**Work instruction**
Copy exactly the lines of the material below that fall between the line with "Products cutting board" and the line with "245 Power Recliner USB Ports Thyme $995.99", both of those lines included; pictures stay out.

**Source material**
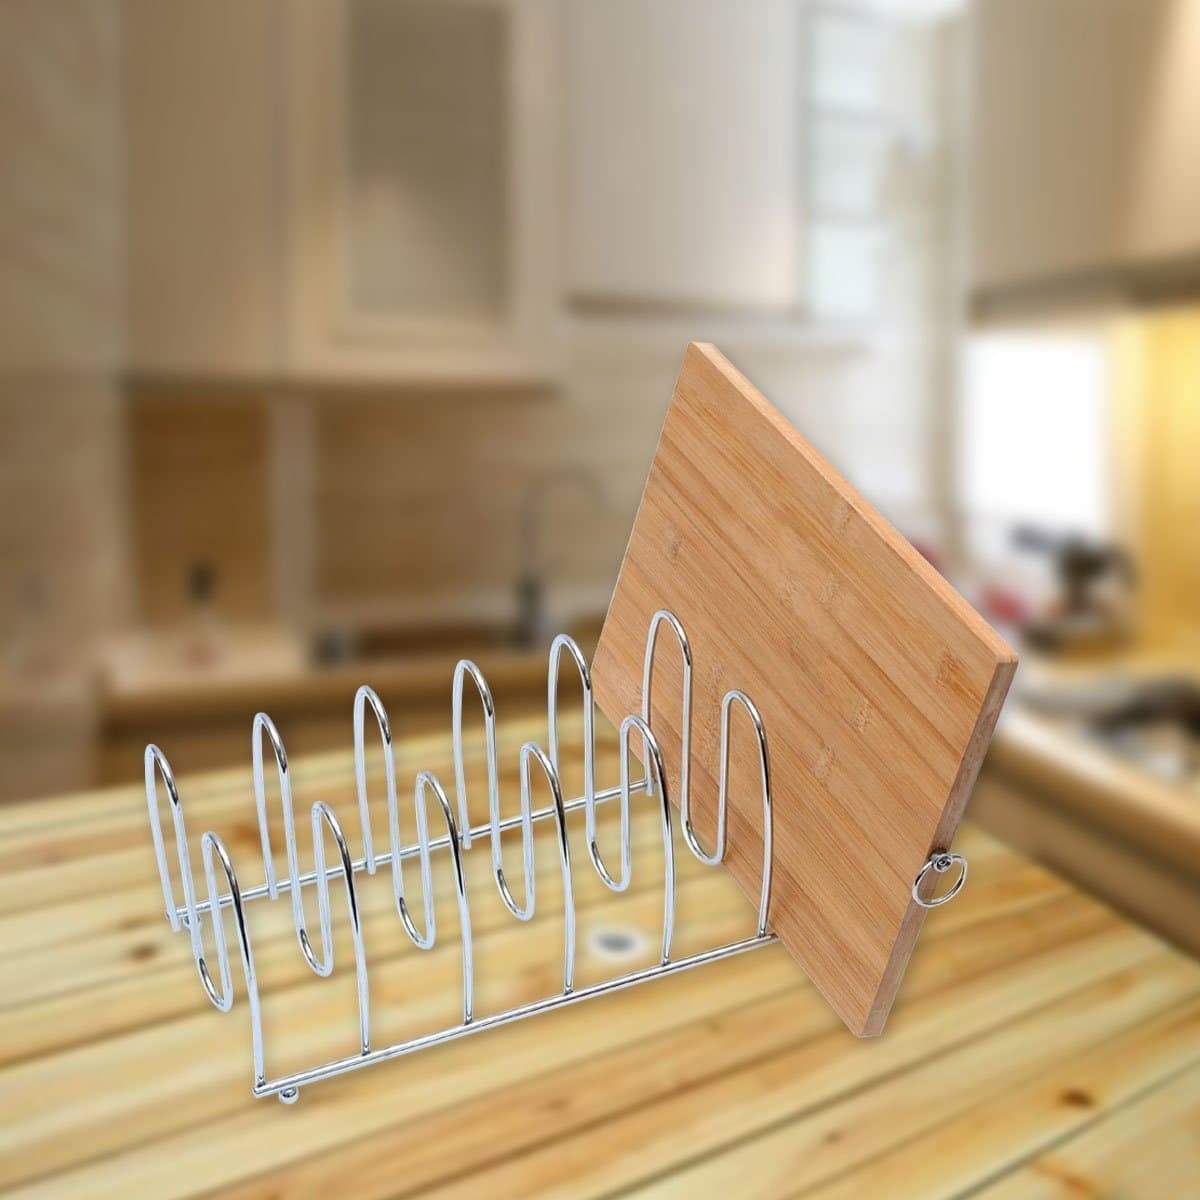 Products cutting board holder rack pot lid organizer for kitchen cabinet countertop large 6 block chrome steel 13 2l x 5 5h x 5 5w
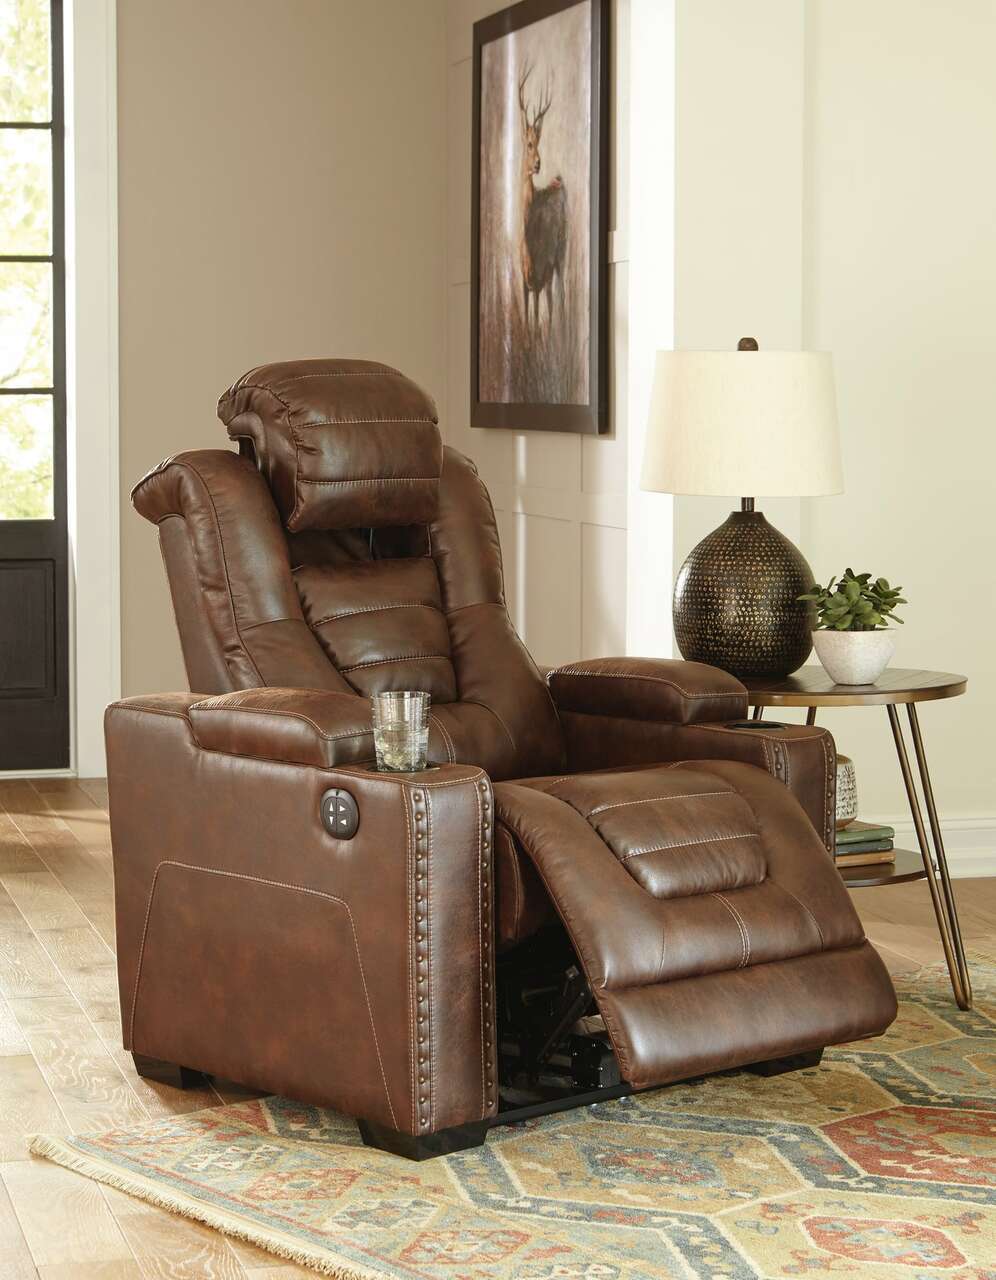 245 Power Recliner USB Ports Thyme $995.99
---
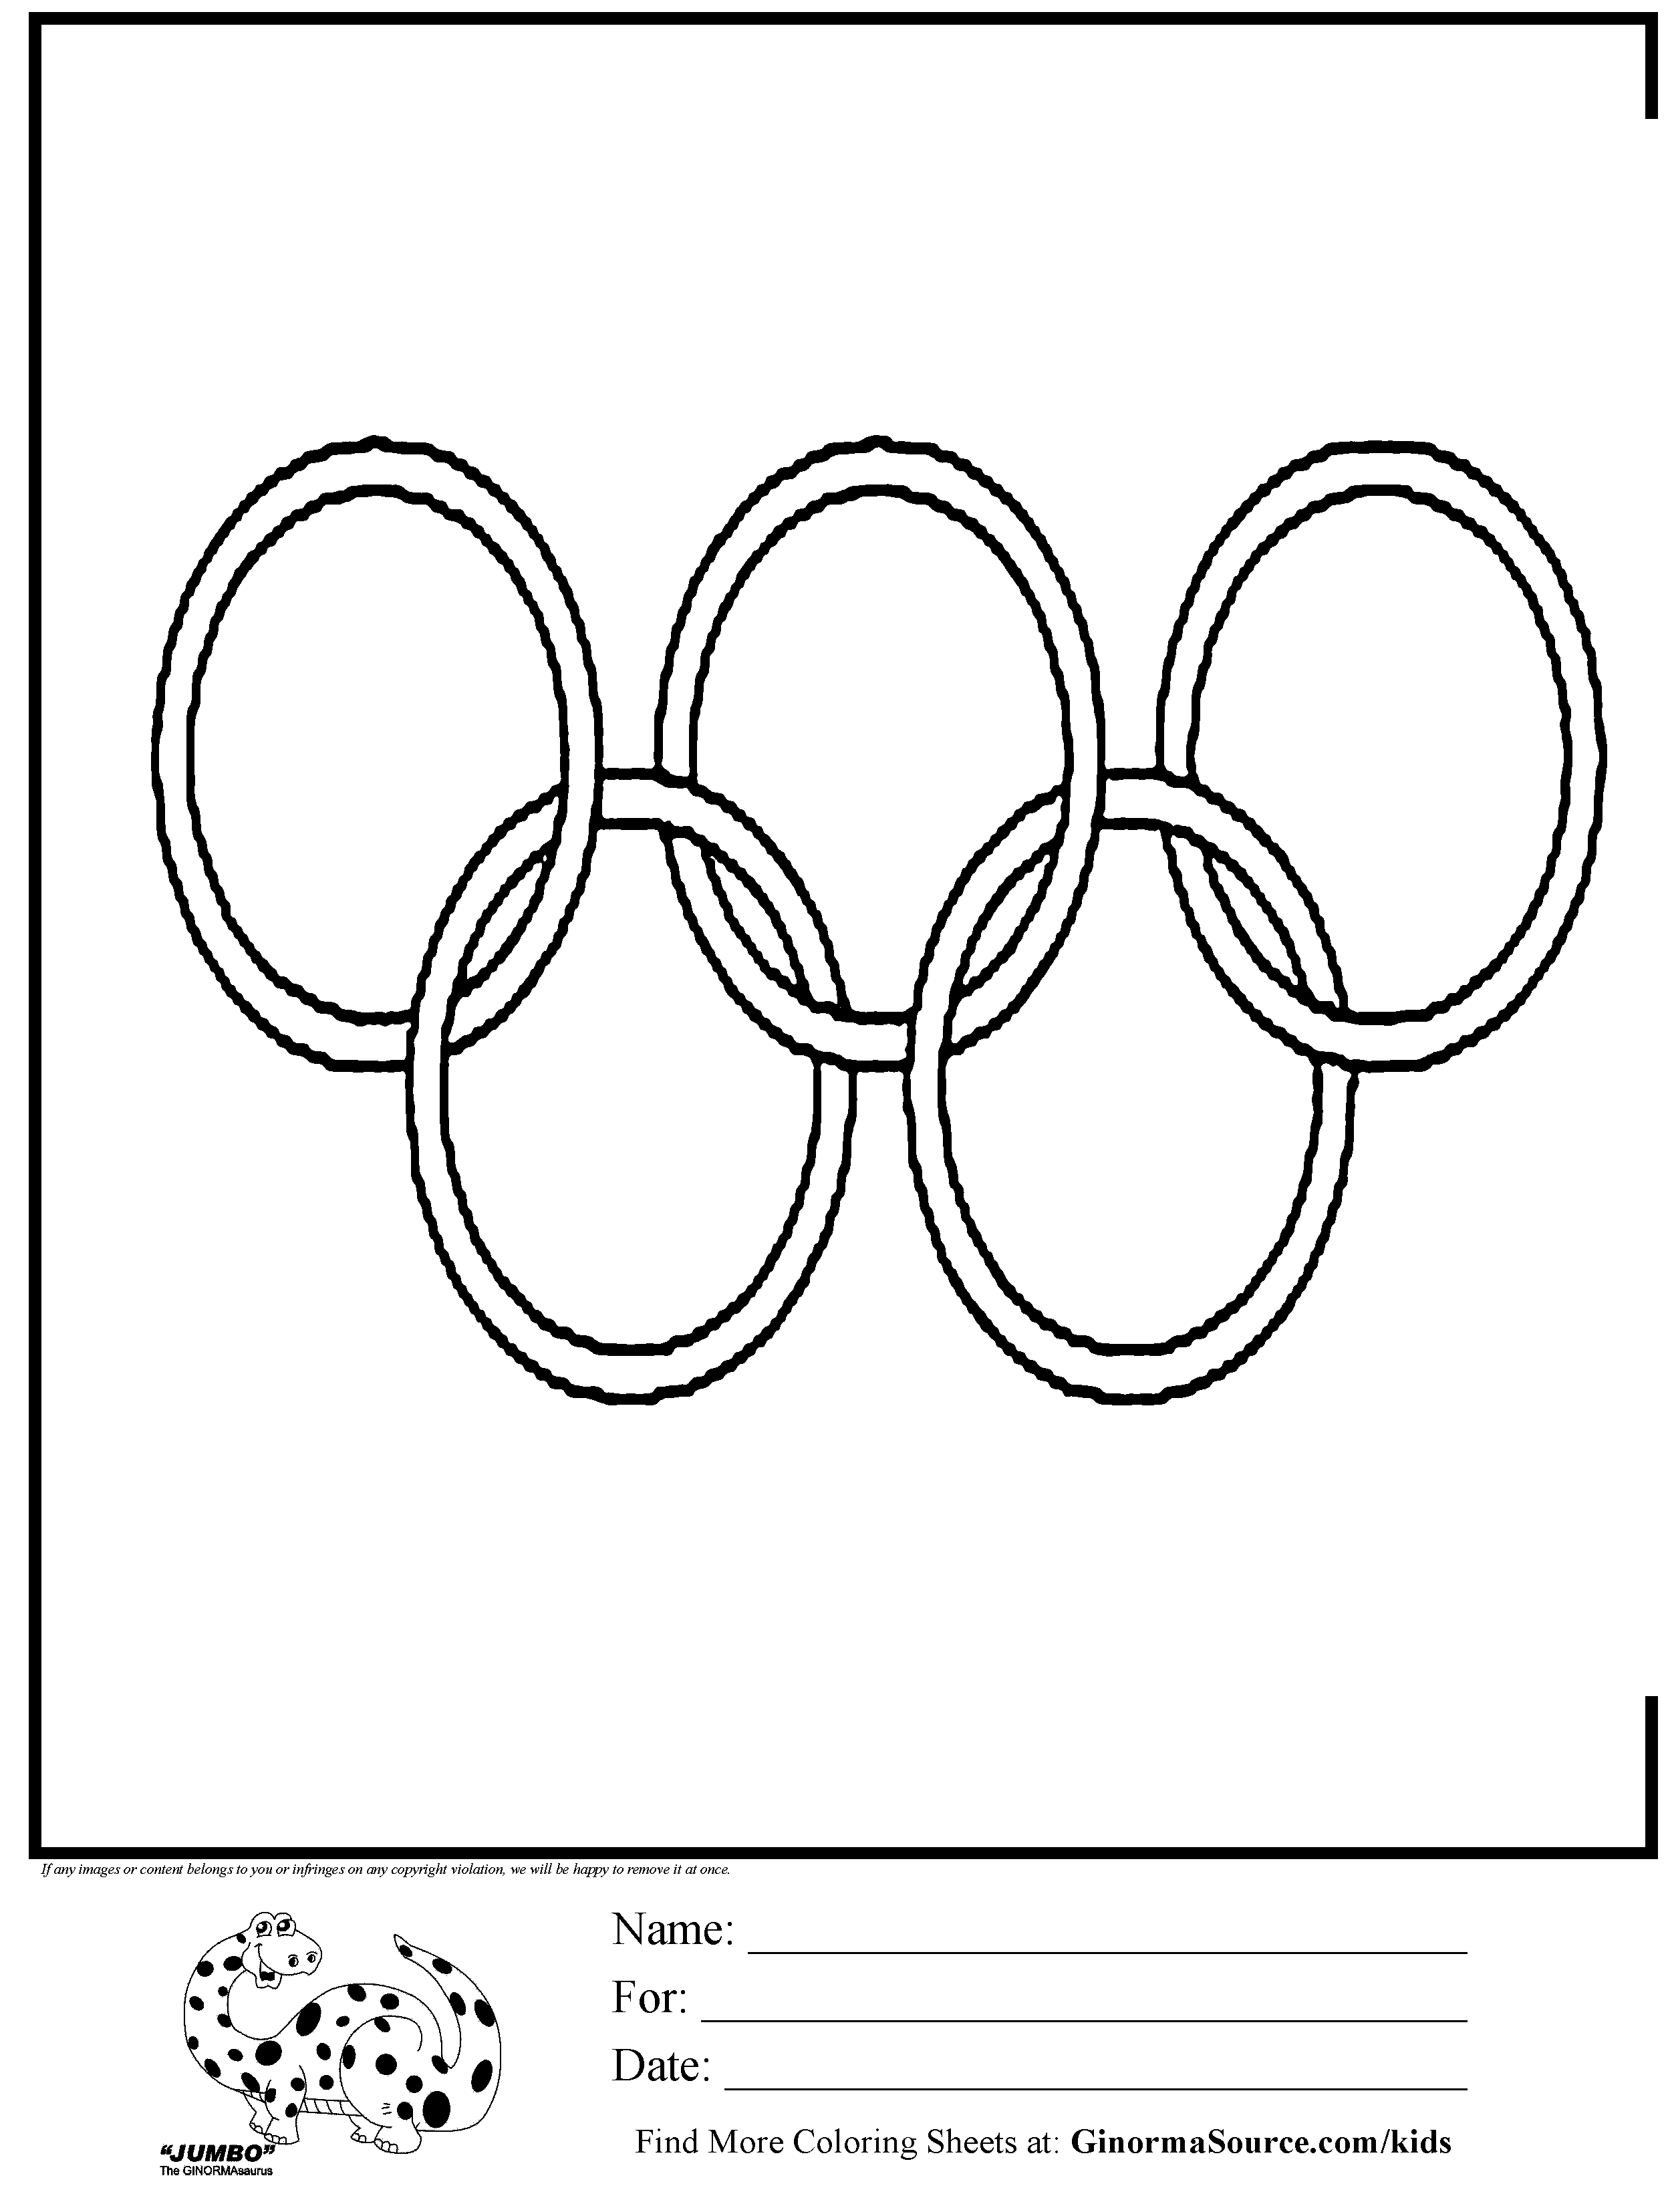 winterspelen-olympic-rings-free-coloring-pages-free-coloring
--
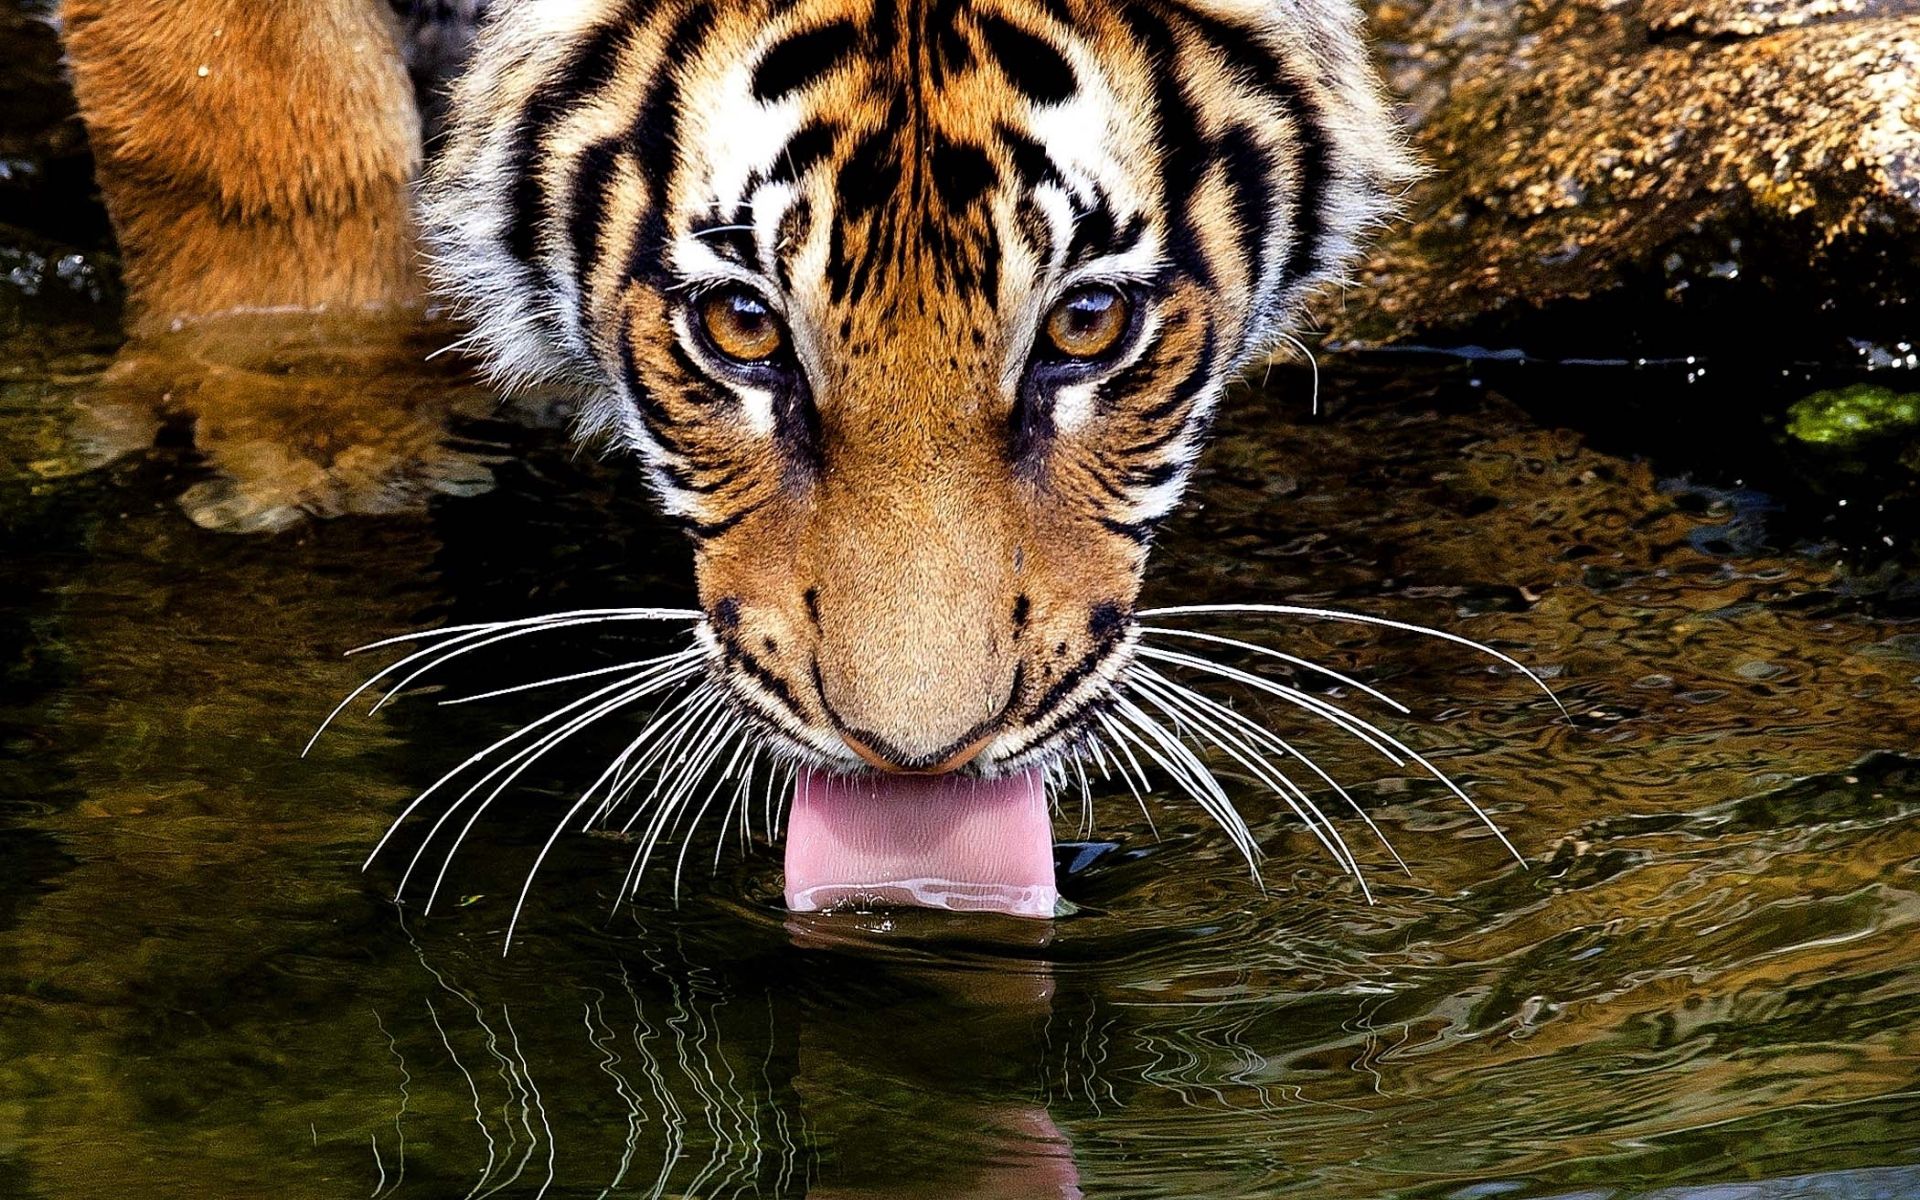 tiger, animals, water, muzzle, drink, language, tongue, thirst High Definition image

**Response to this exercise**
 Products cutting board holder rack pot lid organizer for kitchen cabinet countertop large 6 block chrome steel 13 2l x 5 5h x 5 5w
 245 Power Recliner USB Ports Thyme $995.99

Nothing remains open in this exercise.